Вечером сделали баню. Команда была вымыта и переодета во все новое.

Капитан велел спускать на берег не всех, а самых надежных. Бывали в Портсмуте неприятные случаи: люди бежали с наших кораблей.

Перед отходом Невельскому вручена глупейшая инструкция: матросов спускать на берег в иностранных портах со всевозможными предосторожностями. На пять человек — одного унтер-офицера. И чтобы каждая шестерка разбита была, кроме того, по двое. Уроженцев Царства Польского на берег, по возможности, не отпускать или следить за ними.

На «Байкале» двое поляков. Юзик Внуковский — крепостной Гейсмара из огромного литовского поместья баронов, жалованного отцу мичмана за подавление восстания.

Унтер-офицер Войтехович, требовательный и аккуратный, сам следил строже всех за матросами. Он из вахты Гейсмара.

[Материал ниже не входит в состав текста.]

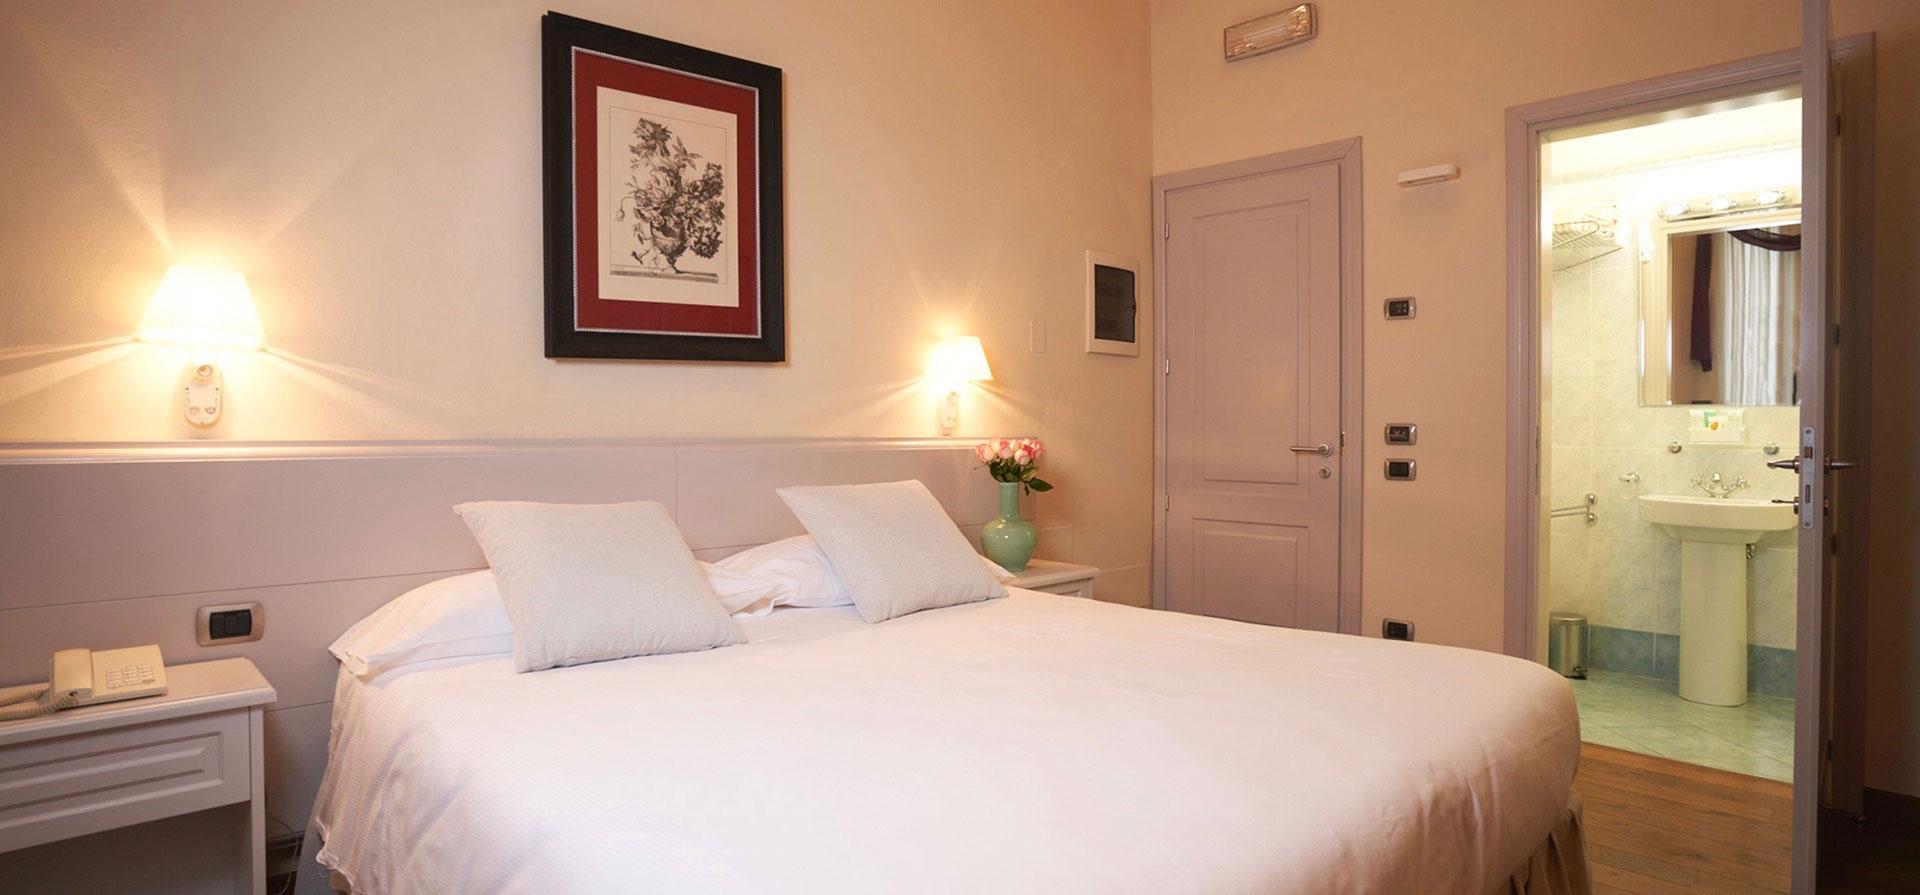 Double Room BnB - La Signoria di Firenze
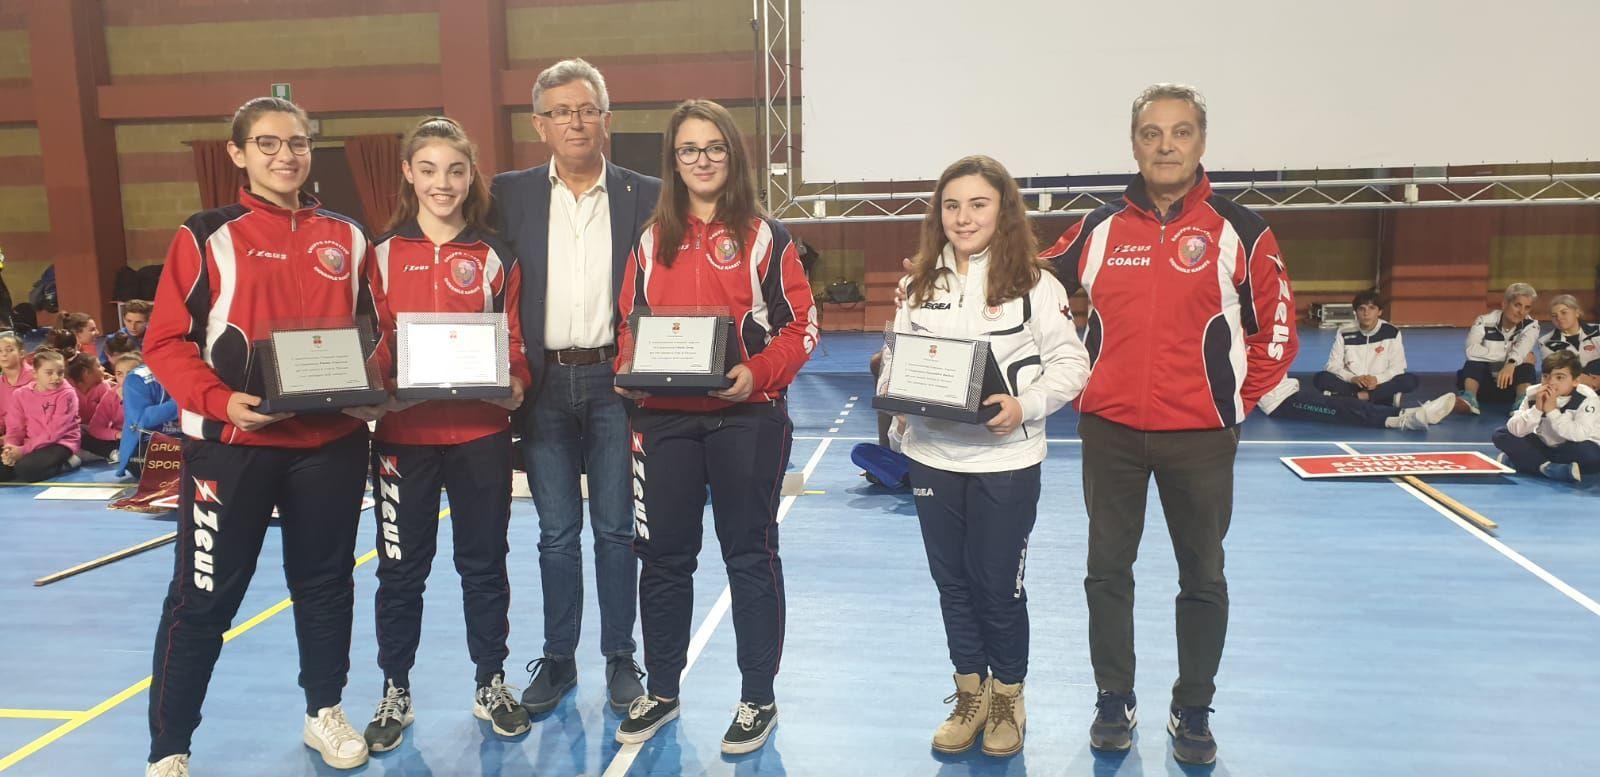 CHIVASSO - Il Comune ha premiato gli sportivi dell'anno - FOTO

Глупо было бы его не пускать.

Решили, что пойдет Войтехович и унтер-офицер Бахрушев из вахты мичмана Грота.

Матросы первой статьи: Попов, Лебедев, Забелин, Котов, Волынцев, Коноплев, Митюхин, Орлов, Залуцкий, Новограблин, Салагов.

Марсовые: Андерсен, Петров, Преде, Камнев, Усков, Гречухин… Мастера, писарь подшкипер фельдшер Дементьев. Кого тут пускать? Кого не пускать? Мастеровым тоже надо передохнуть. Они поработали много. Есть еще хорошие матросы — Конев, молоденький Алеха Степанов, штрафной Веревкин, Фомин, Козлов.

— Кто пойдет из мастеровых? — спросил Казакевич.

— Яковлеву надо бы дать отпуск, раз он отличился на ремонте.

— Яковлеву обязательно. И Шестаков… Подобин — это бесспорно. Войтехович — тоже обязательно.

Невельской и Казакевич составили список. Решили, что утром пойдет пятнадцать матросов. С ними трое унтеров: Бахрушев, Войтехович и Лысаков.

— Еще для присмотра юнкер и поручик Попов, — сказал Невельской. — На каждые пять человек назначить по унтер-офицеру. И еще разбить всех на пары. Пусть друг за друга отвечают…

— Только вот как с Веревкиным? Ведь он штрафованный? — сказал Казакевич.

— Пусть идет в паре с Яковлевым. Тот серьезный и непьющий. А молоденького Степанова — с Иваном Подобиным…

Утром матросы садились в шлюпку. Алехи Степанова среди них не было. Он печально стоял у борта.

— Разве Степанова мы не назначили? — спросил у Казакевича капитан.

— Яковлев просил его не спускать. Говорит, что он всех расспрашивал, как сманивают людей на берегу и куда их потом девают…

— Ну, это еще ничего не значит.

— Мало ли что мальчишке взбредет в голову… Еще успеет пошляться в портах, вся жизнь впереди.

Казакевич сегодня отправлялся в Портсмут с Халезовым и офицерами.

— А где Яковлев? — спросил вдруг он.

— Эй, Яковлев! — крикнул боцман.

— С кем же Яковлев теперь?

— Он с Подобиным.

— Что ты как вор на ярмарку собираешься? — сказал ему боцман. — Уже офицеры сходят…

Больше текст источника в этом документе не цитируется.